Source code for brainsets.pipeline

from abc import ABC, abstractmethod
import sys
from argparse import ArgumentParser, Namespace
from typing import Optional, NamedTuple, Any
from pathlib import Path
import ray.actor
import pandas as pd
from rich.console import Console
from contextlib import contextmanager
import traceback



[docs]
class BrainsetPipeline(ABC):
    r"""Abstract base class for defining processing pipelines.
    Pipelines are subclasses of this class. Pipelines are either run through
    the CLI or through :mod:`brainsets.runner` module.

    **Subclasses must implement:**
        - Set the :attr:`brainset_id`
        - :meth:`get_manifest()`: Generate a :obj:`pd.DataFrame` listing all assets to process
        - :meth:`download()`: Download a single asset from the manifest
        - :meth:`process()`: Transform downloaded data into standardized format

    **The pipeline workflow consists of:**
        1. Generating a manifest (list of assets to process) via :meth:`get_manifest()`. This happens on the root process.
        2. Downloading each asset via :meth:`download()`. This happens in parallel for multiple rows of the manifest.
        3. Processing each downloaded asset via :meth:`process()`. This also happens in parallel, on the same process as :meth:`download()`.

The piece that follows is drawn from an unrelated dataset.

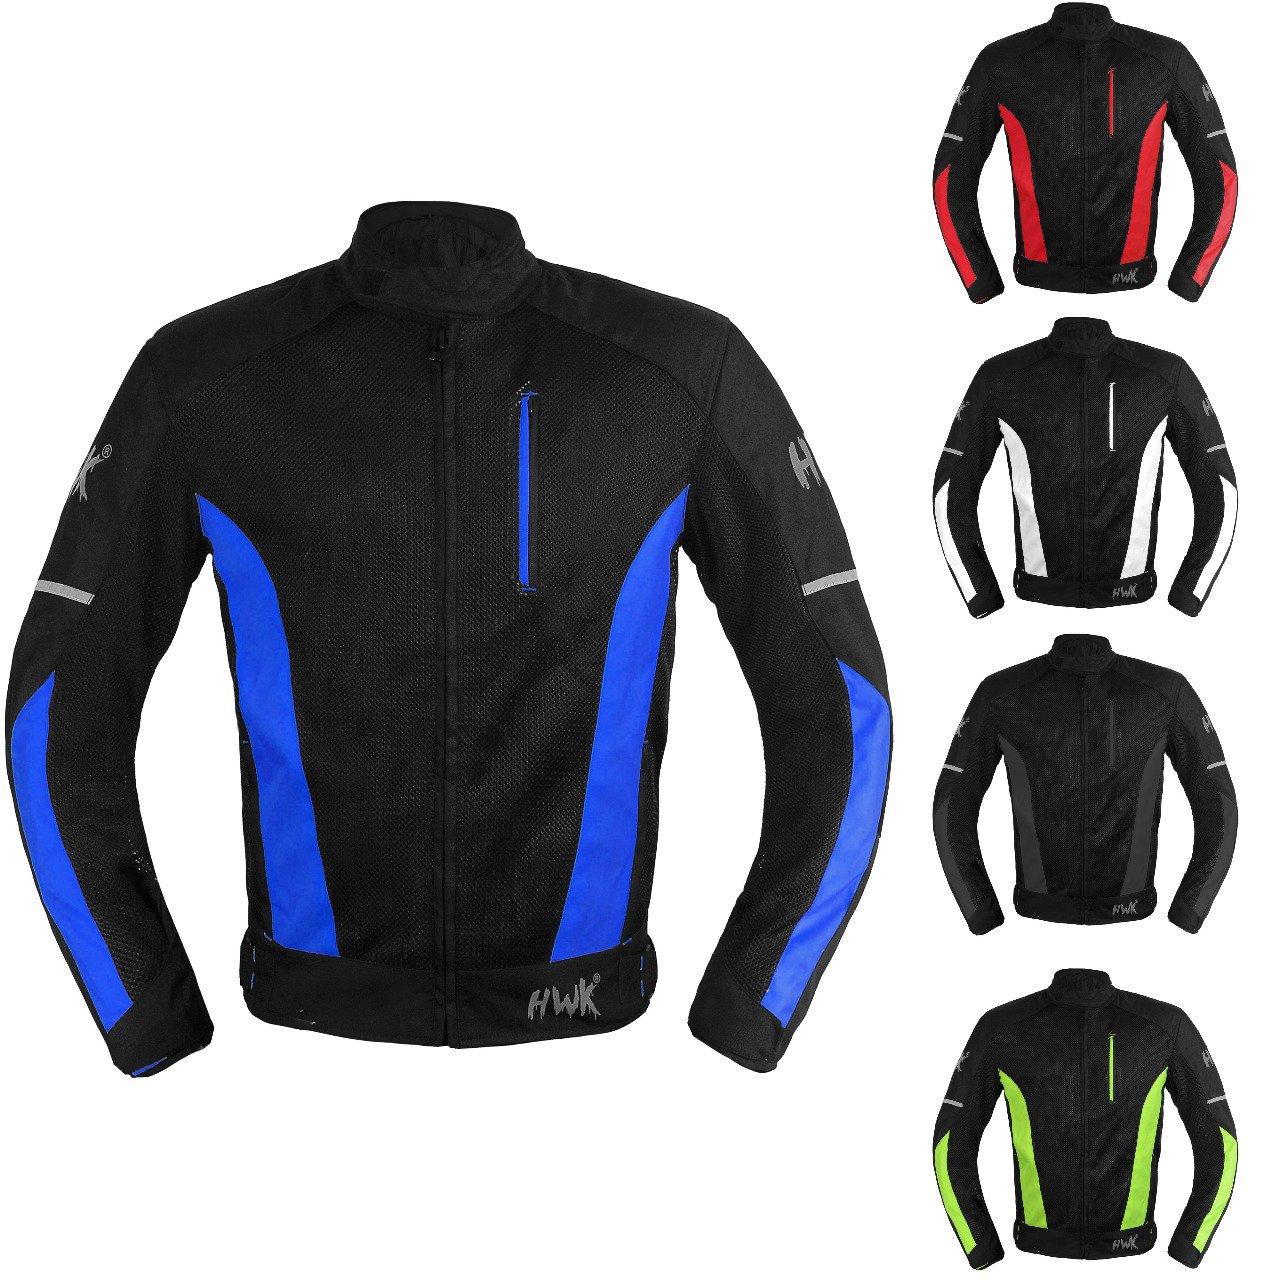 Mesh Motorcycle Jacket Textile Motorbike Summer Biker Air Jacket CE ARMOURED BREATHABLE (XXX-Large, Blue)

    **Handling pipeline-specific command line arguments:**
        - Subclasses can define pipeline-specific command-line arguments by setting :attr:`parser`.
        - The runner will automatically parse any extra CLI arguments using this parser.
        - The parsed arguments are passed to the :meth:`get_manifest()` as the `args` method parameter, and to the :meth:`download` and :meth:`process` methods via class attribute :attr:`args`.

    Examples
    --------
    >>> from argparse import ArgumentParser
    >>> parser = ArgumentParser()
    >>> parser.add_argument("--redownload", action="store_true")
    >>> parser.add_argument("--reprocess", action="store_true")
    >>>
    >>> class Pipeline(BrainsetPipeline):
    ...     brainset_id = "my_brainset"
    ...     parser = parser
    ...
    ...     @classmethod
    ...     def get_manifest(cls, raw_dir, processed_dir, args):
    ...         # Return DataFrame of assets to process
    ...         return pd.DataFrame(...)
    ...
    ...     def download(self, manifest_item):
    ...         # Download the asset
    ...         # return filepath or handle of downloaded data
    ...         ...
    ...
    ...     def process(self, download_output):
    ...         # Process the downloaded data
    ...         ...
    """

    brainset_id: str
    """Unique identifier for the brainset. Must be set by the Pipeline subclass."""
    parser: Optional[ArgumentParser] = None
    """Optional :obj:`argparse.ArgumentParser` object for pipeline-specific
    command-line arguments.
    If set by a subclass, the runner will automatically parse any extra
    command-line arguments using this parser. The parsed arguments are then
    passed to `get_manifest()` as a method argument, and to the `download()` and
    `process()` methods via `self.args`.
    """
    args: Optional[Namespace]
    """Pipeline-specific arguments parsed from the command line. Set by the runner
    if :attr:`parser` is defined by subclass.
    """
    raw_dir: Path
    """Raw data directory assigned to this brainset by the pipeline runner.
    """
    processed_dir: Path
    """Processed data directory assigned to this brainset by the pipeline runner.
    """
    _asset_id: str
    """Identifier for the current asset being processed. Set automatically in
    :meth:`run_item()`.
    """

    def __init__(
        self,
        raw_dir: Path,
        processed_dir: Path,
        args: Optional[Namespace],
        tracker_handle: Optional[ray.actor.ActorHandle] = None,
        download_only: bool = False,
    ):
        self.raw_dir = raw_dir
        self.processed_dir = processed_dir
        self.args = args
        self._tracker_handle = tracker_handle
        self._download_only = download_only


[docs]
    @classmethod
    @abstractmethod
    def get_manifest(
        cls,
        raw_dir: Path,
        args: Optional[Namespace],
    ) -> pd.DataFrame:
        r"""Returns a :obj:`pandas.DataFrame`, which is a table of assets to be
        downloaded and processed. Each row will be passed individually to the
        :meth:`download` and :meth:`process` methods.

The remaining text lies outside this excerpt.